Вик, и надолго тебя хватит? Или ты по долгу службы проверил эту конуру? Пожалуйста, не сдавайся, пожалуйста, люби меня. Не знаю, полезны ли желудочникам перебродившие ягоды, но я махнула стакан сухого белого, выкурила сигарету и утешилась. Может, наши пьют так много, чтобы им везде было комфортно? Чтобы залить пожар унижения и безысходности и философски воспринять пепелище? Чтобы поверить в возможность строить на нем? Когда-нибудь, с кем-нибудь, протрезвев. И наворовав стройматериалов.
Меня предупредили, что Крайнев прибудет к вечеру, поэтому я выползла из норы только ужинать, пропустив обед. Узрев тарелку с манной кашей, я утвердилась в худших предположениях о диетическом питании. Ем я мало, но предпочитаю, чтобы единственный проглоченный мной кусок был вкусным. Избавь, Создатель, от заболеваний. Я малодушна, я и не выдержу самоограничений, диктуемых организмом. И к манной каше я не притронусь.
— Девушка, это блюдо фаворит?
— Есть перловка с молочным соусом, — добросердечно откликнулась густо накрашенная официантка.
Вик, ты мерзавец! Не мог колбаски и овощей положить вместо цветов и вина? Или вместе с ними, все равно Балков багаж таскал. Как же надо болеть, чтобы прельститься этим? Нет в здоровом теле здорового духа. Таковой обитает лишь в немощи. Терпеть муки, слегка приструняемые лекарствами с диетой, и еще на работу ходить, семьей заниматься, улыбаться чему-то? Не знаем мы своих героев.
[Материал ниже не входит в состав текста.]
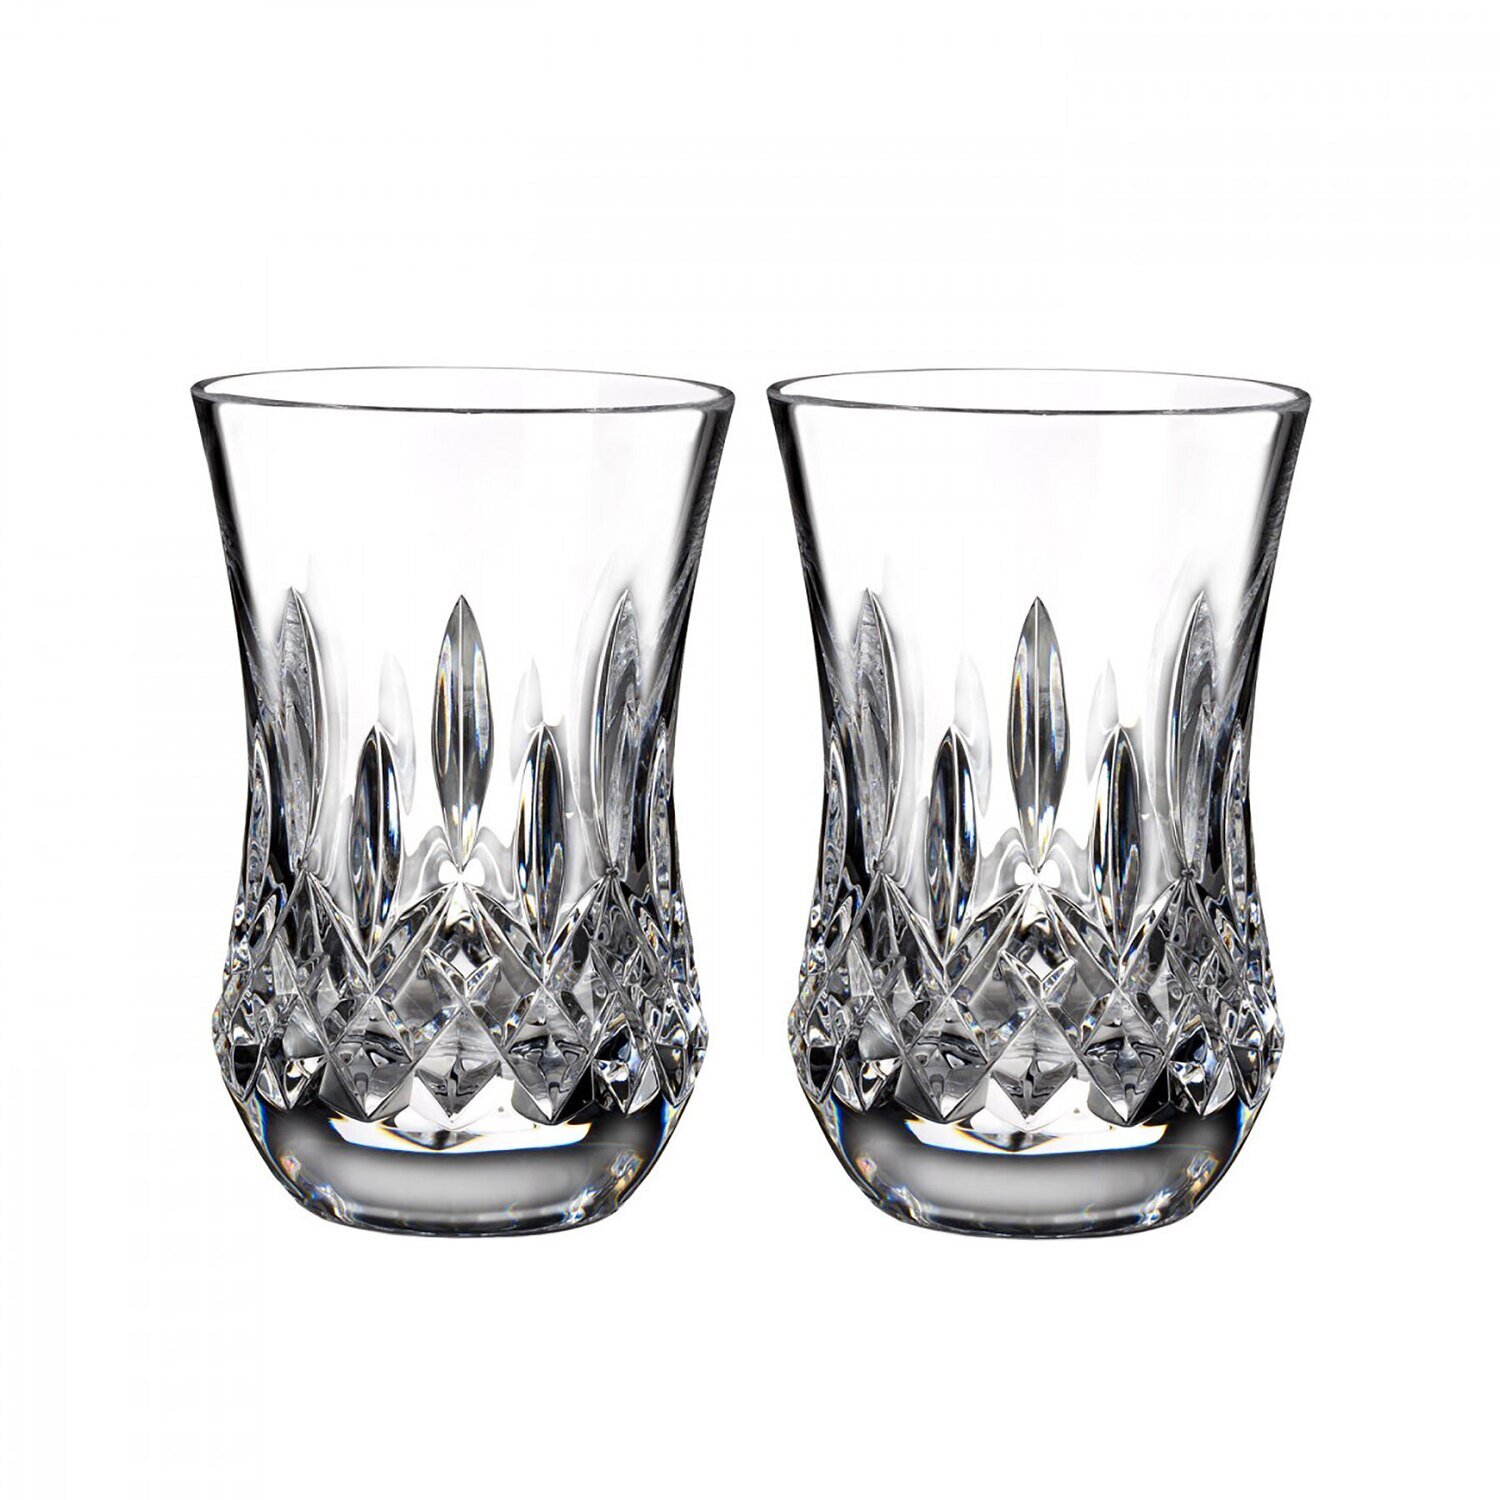 Waterford Lismore Connoisseur Sipping Tumbler Flared 6 Oz Set of 2 40003435

Тут в проходе показался Валерий Крайнев. Осмотрел пустую столовую, в которой, кроме меня, стоически питались несколько пожилых людей, и направился на маяк моей зовущей физиономии.
— Вы из какой комнаты? — преградила ему дорогу белохалатница бальзаковского возраста.
— Неважно. Я хочу за стол вон к той девушке.
— Молодец, — одобрила женщина и переправила что-то в своем списке.
Мне нормальности не грех подзанять. Я вдруг вспомнила вахтершу из редакции, завтракавшую на моих глазах, и внутри засвербило. От голода или предчувствий?
— Здорово, Поля, — вполне по-братски приветствовал меня Крайнев.
— Добрый вечер, напарник. Приятного аппетита.
Я пошутила. Но Валера без обиняков налег на кашу. Я схватилась за посудину с компотом и незаметно подвинула ему свою тарелку. Он и ее опустошил. Что-то мне его жена все меньше нравится. Мужчин надо кормить не только перед сексом, но и в промежутках. Иначе они гибнут как личности.
— Тебе какой диагноз нарисовали? — спросил Валерий.
— Гастрит с какой-то там кислотностью.
— И мне. Прошвырнемся после еды? Ну, если это еда, то…
— Конечно, Валера.
Рано или поздно наступит момент, когда я смету все, что они приготовят. И, возможно, громко попрошу добавки. А не проще сгонять завтра в город за съестным? Это шанс сохранить собственное достоинство. Или нужно выдержать все, что выдерживают остальные? Искупить чего-нибудь? Пострадать?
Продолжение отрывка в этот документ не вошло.